【发布时间】:2021-05-25 19:22:52
【问题描述】:
我正在尝试使用 Beautiful Soup 从this Wikipedia Page 的表格中刮取前 3 列。
我实现了here找到的解决方案。
import requests
import lxml
import pandas as pd
from bs4 import BeautifulSoup
#requesting the page
url = 'https://en.wikipedia.org/wiki/List_of_winners_and_shortlisted_authors_of_the_Booker_Prize'
page = requests.get(url).text
#parsing the page
soup = BeautifulSoup(page, "lxml")
#selecting the table that matches the given class
table = soup.find('table',class_="sortable wikitable")
df = pd.read_html(str(table))
df = pd.concat(df)
print(df)
df.to_csv("booker.csv", index = False)
它就像一个魅力。
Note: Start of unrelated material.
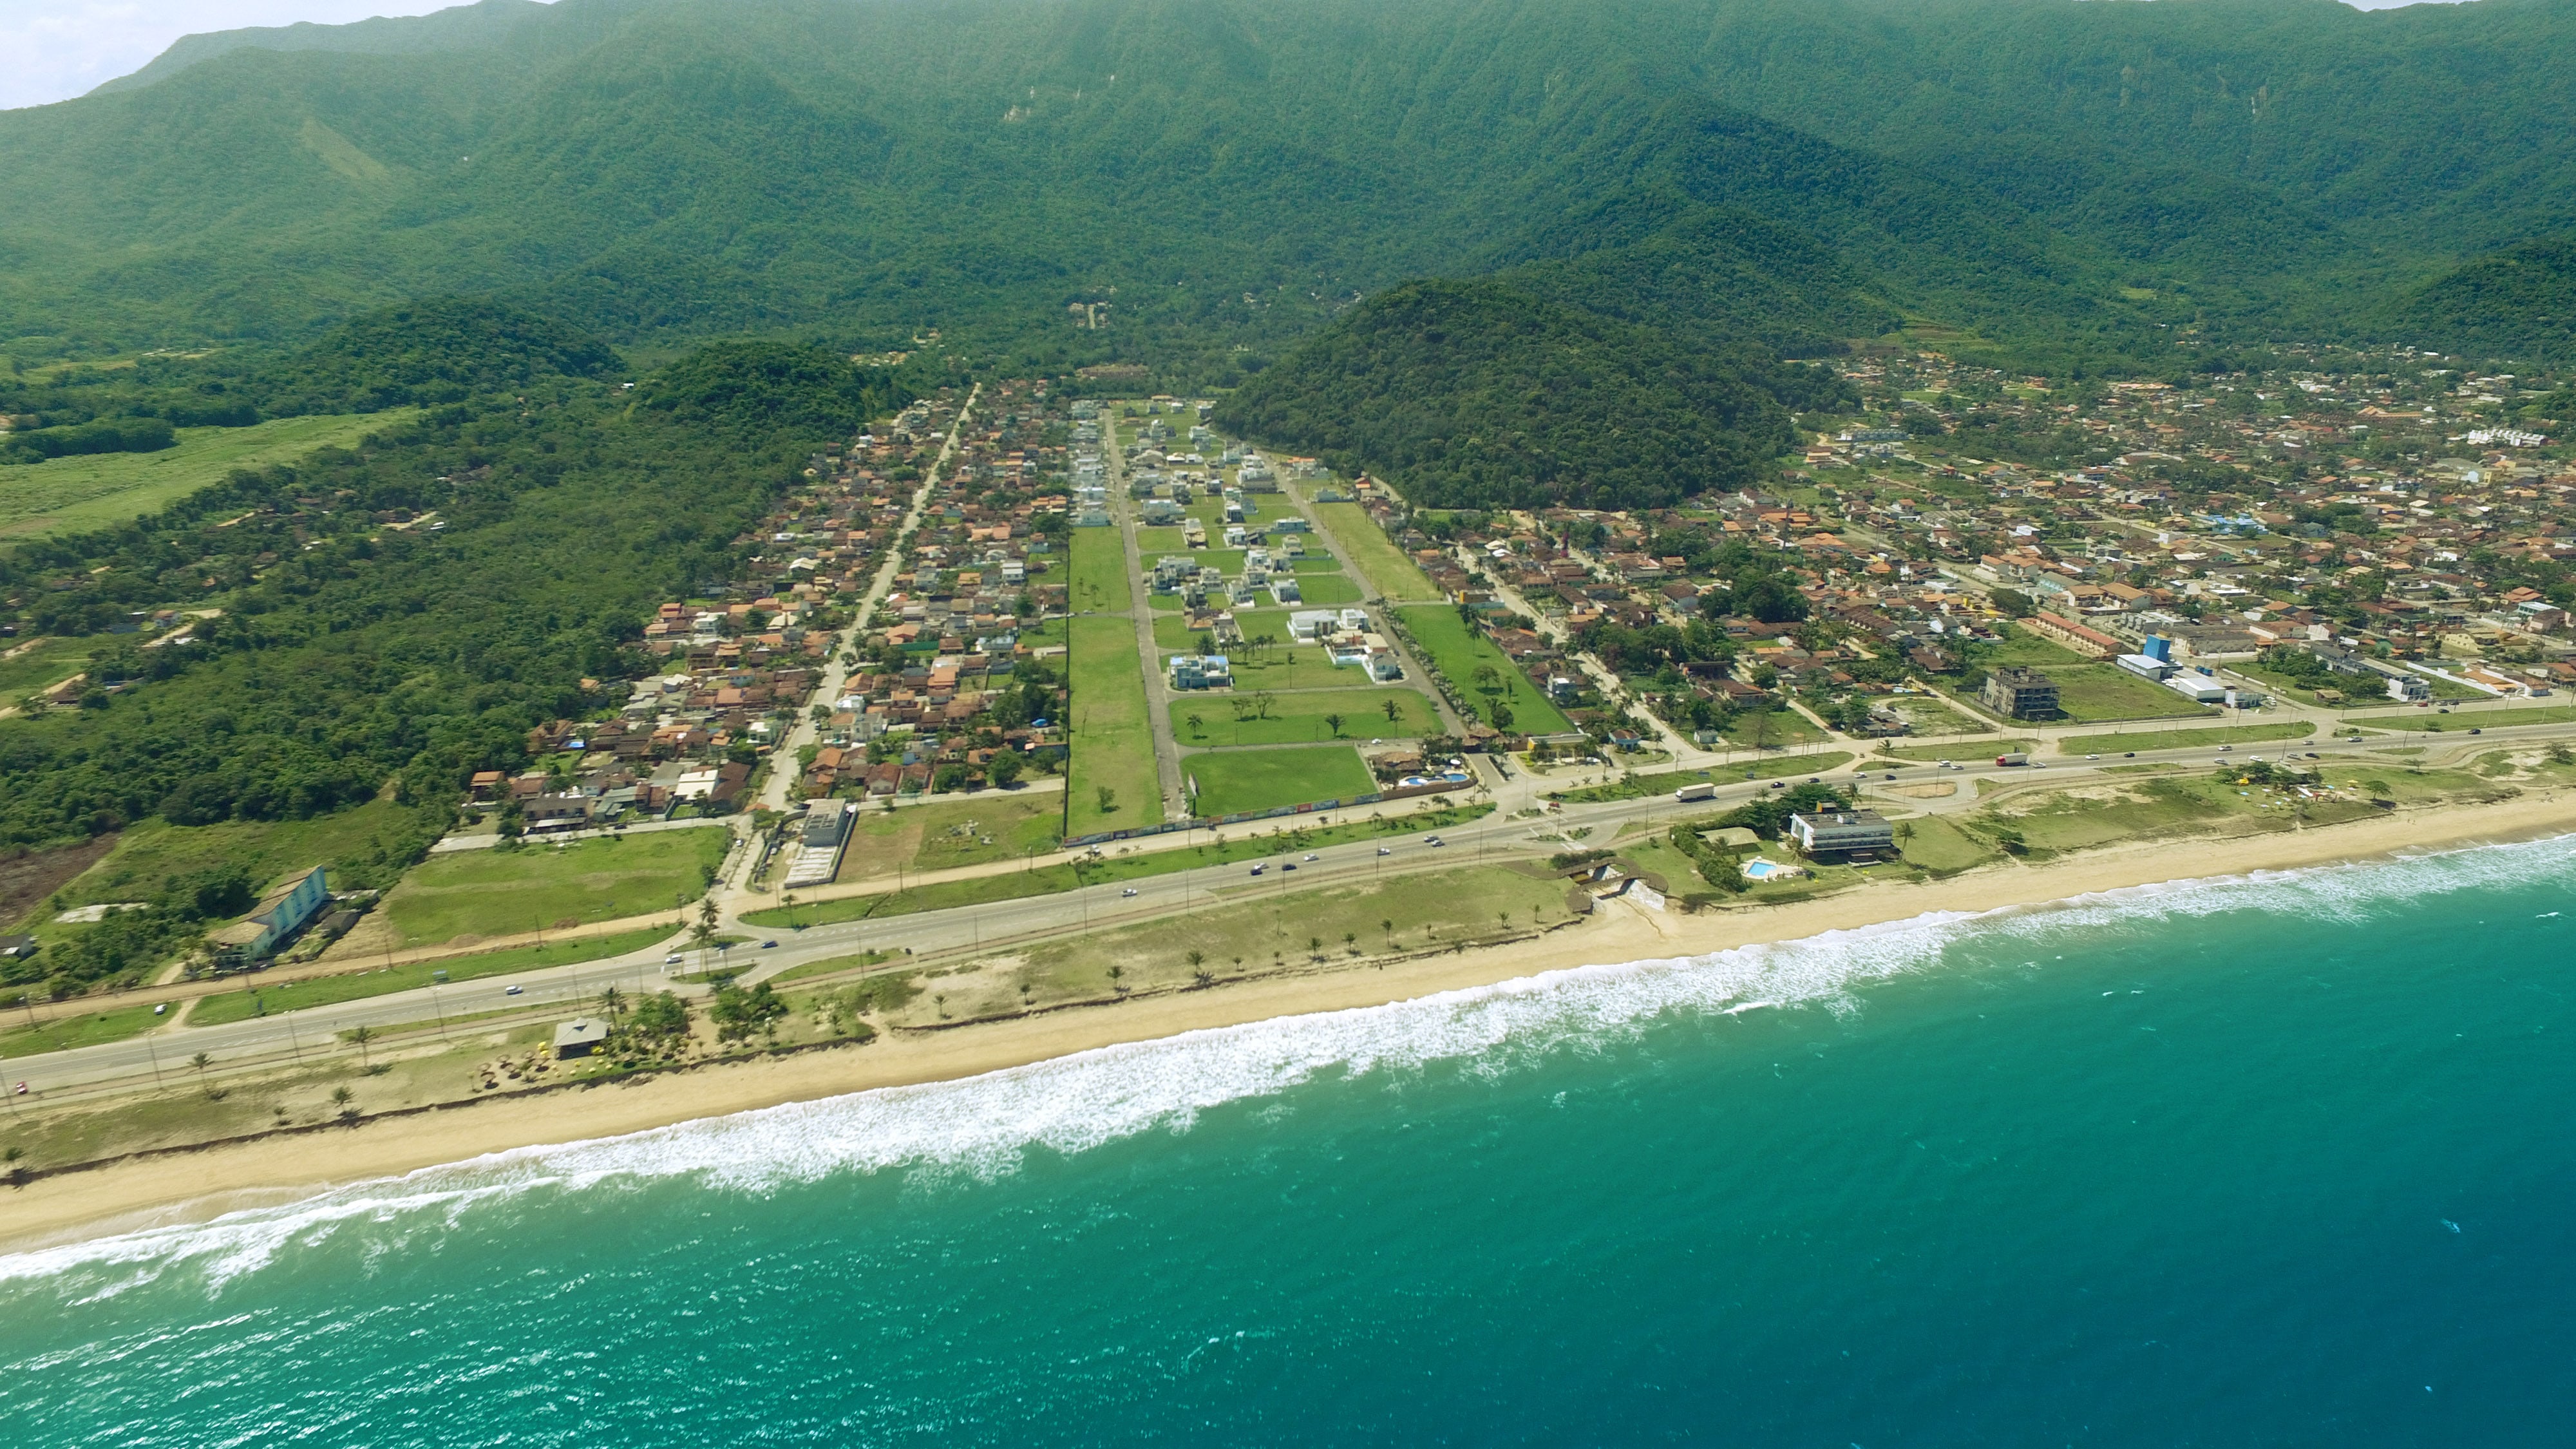 Costa Nova Residencial Club, loteamento fechado de frente para a praia Massaguaçu Caraguatatuba

给了我我正在寻找的输出:
但是,上面的解决方案使用了 pandas。
我想在不使用 pandas 的情况下创建相同的输出。
我提到了解决方案here,但我得到的输出如下所示:
这是生成“输出 2”的代码:
import requests
import lxml
from bs4 import BeautifulSoup
#requesting the page
url = 'https://en.wikipedia.org/wiki/List_of_winners_and_shortlisted_authors_of_the_Booker_Prize'
page = requests.get(url).text
#parsing the page
soup = BeautifulSoup(page, "lxml")
#selecting the table that matches the given class
table = soup.find('table',class_="sortable wikitable")
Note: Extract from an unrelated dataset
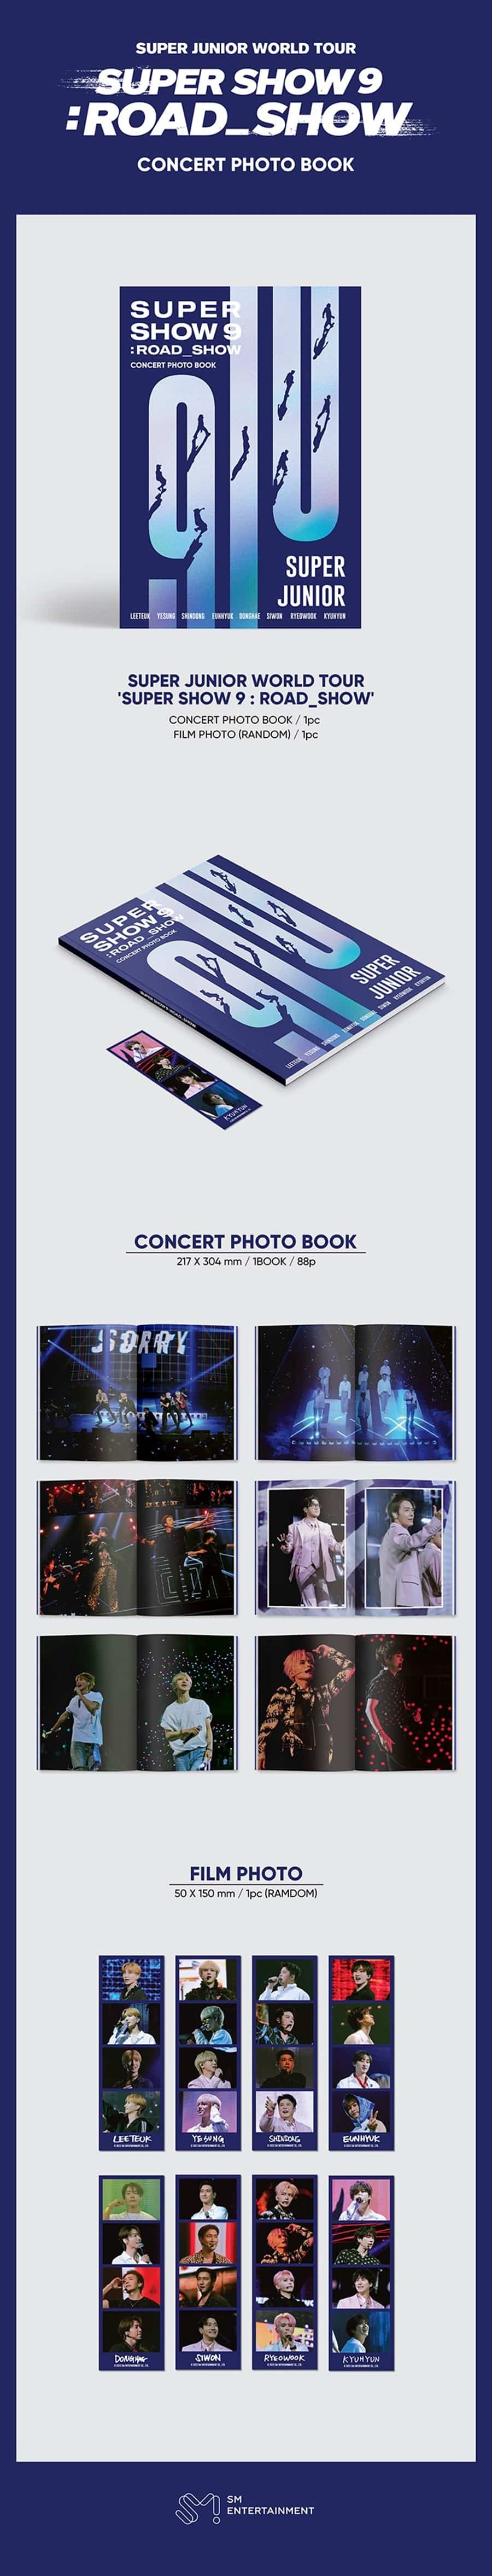 super-junior-super-show-9-road-show-concert-photo-book-wholesales

with open('output.csv', 'w', newline="") as file:
writer = csv.writer(file)
writer.writerow(['Year','Author','Title'])
for tr in table.find_all('tr'):
try:
td_1 = tr.find_all('td')[0].get_text(strip=True)
except IndexError:
td_1 = ""
try:
td_2 = tr.find_all('td')[1].get_text(strip=True)
except IndexError:
td_2 = ""
try:
td_3 = tr.find_all('td')[3].get_text(strip=True)
except IndexError:
td_3 = ""
writer.writerow([td_1, td_2,td_3])
所以我的问题是:如何在不使用 Pandas 的情况下获得预期的输出?
P.S:我尝试像这样解析表中的行:
import requests
import lxml
from bs4 import BeautifulSoup
#requesting the page
url = 'https://en.wikipedia.org/wiki/List_of_winners_and_shortlisted_authors_of_the_Booker_Prize'
page = requests.get(url).text
#parsing the page
soup = BeautifulSoup(page, "lxml")
#selecting the table that matches the given class
table = soup.find('table',class_="sortable wikitable")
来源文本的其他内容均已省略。